Maybe Bluebeard's Eighth Wife isn't your bag (and I'm not entirely sure it's mine) but the premise that Nicole only marries Michael after securing $100,000 in alimony should they ever divorce and then proceeds to drive him to it by slapping him, biting him, and taking a big ole bite of green onions just before she kisses him. It doesn't hurt that David Niven turns up at the exact wrong minute and is presumed to be the man Nicole's cheating with, ultimately resulting in the longed for divorce. 

After she's driven him sufficiently mad, she's ready to take him back: she's self-sufficient thanks to the alimony payments, so he'll never have to worry that she's a fortune hunter; and he's been cured of his need to constantly marry, so this time the marriage will stick! Happily ever after? Sure, but the real happily ever after is the love we found along the way. 


Listen: I'd love to wake up some morning and decide that I'm going to pretend to be someone else, even when the overwhelming evidence is against me. 

Maybe if I go to a Starbucks and claim the wrong drink, some handsome working class gent is going to play along despite his reservations, and some rich old fogey is going to keep the ruse going by funding my new lifestyle as this fake person. 

Midnight is a fun movie because you just don't know how Claudette's Eve Peabody is going to keep the ruse going.

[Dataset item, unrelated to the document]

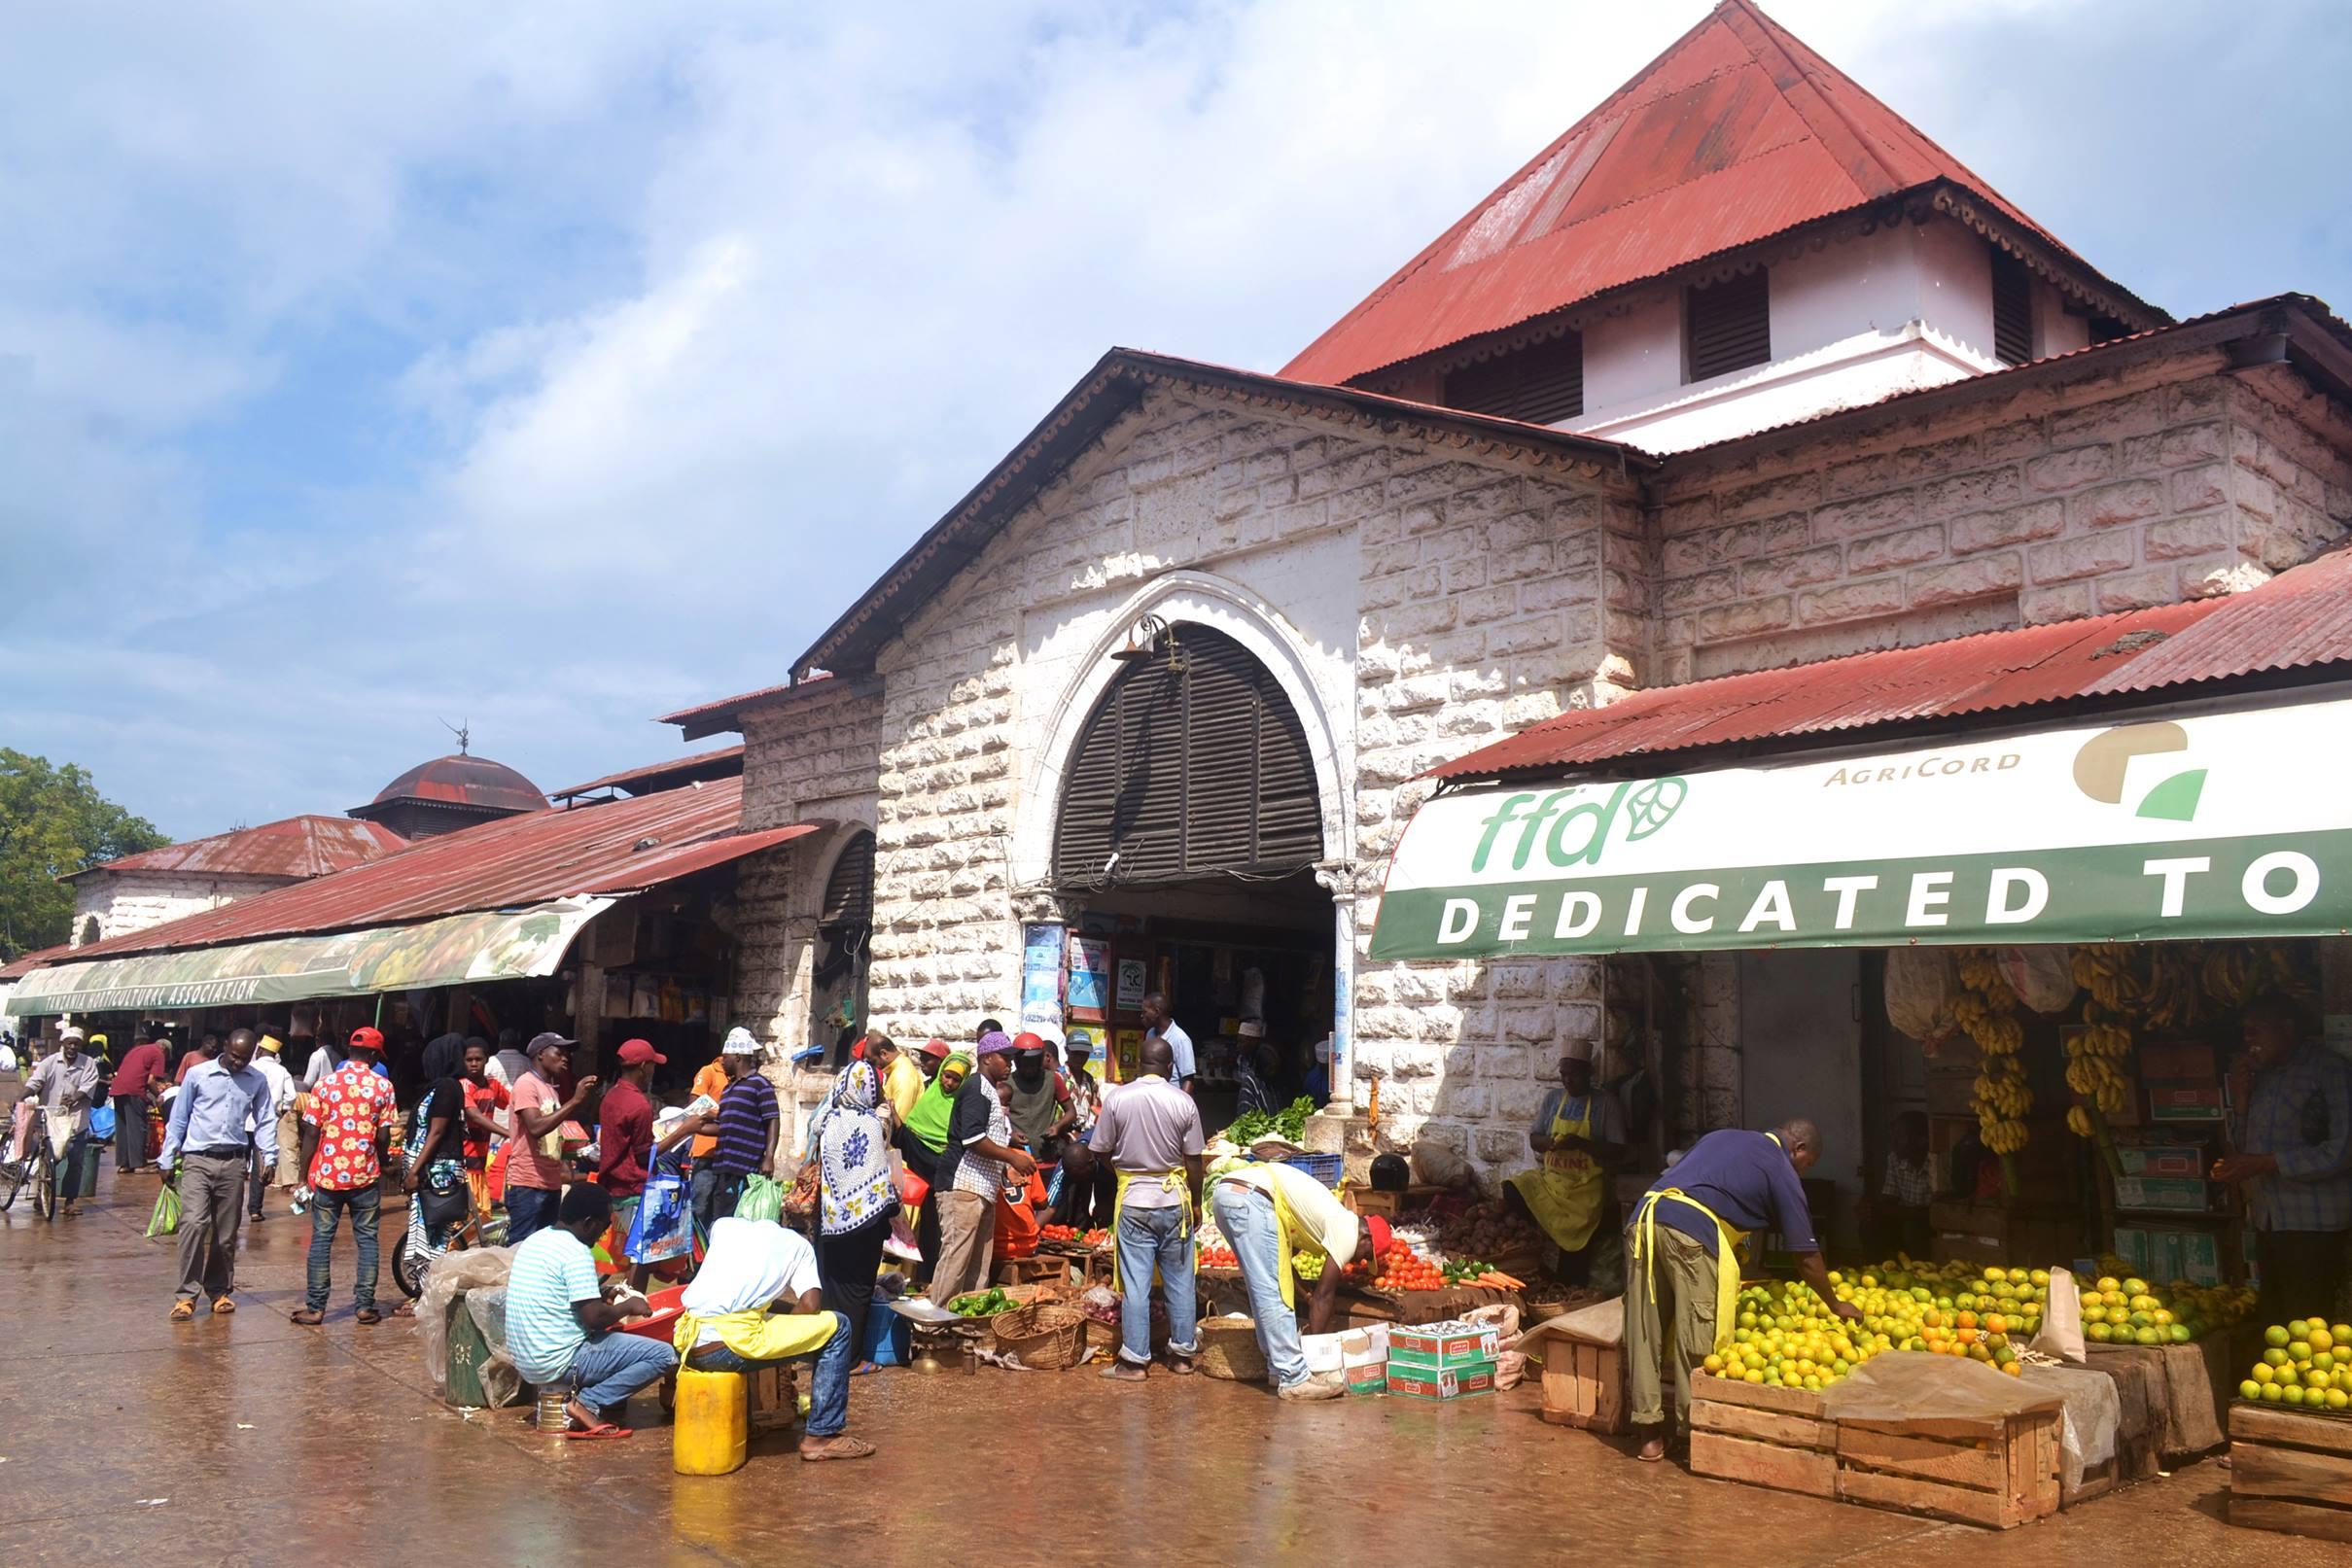 zanzibar_tanzania_darajanimarket_1

She's always seconds away from discovery, but by hook or by crook—or by Don Ameche's or John Barrymore's intervention—she keeps on getting away with it. 

Of course there's a happily ever after here—with the dashing Don Ameche—but there's still a lot of pratfalls to go through before she gets there: falsifying court documents, potential bigamy, definite identity theft and fraud all occur before she finally marries her Hungarian beau, but even though this brassy showgirl had to go through a whirlwind mixed up with Parisian socialites, you never stop rooting for her. 


This is already going on quite long, but the facts remain: life is infinitely more fun when you're a Claudette Colbert character. If these examples haven't convinced you, consider The Palm Beach Story or It's a Wonderful World or The Bride Came Home or She Married Her Boss, and then meet me in the comments to let me know your thoughts!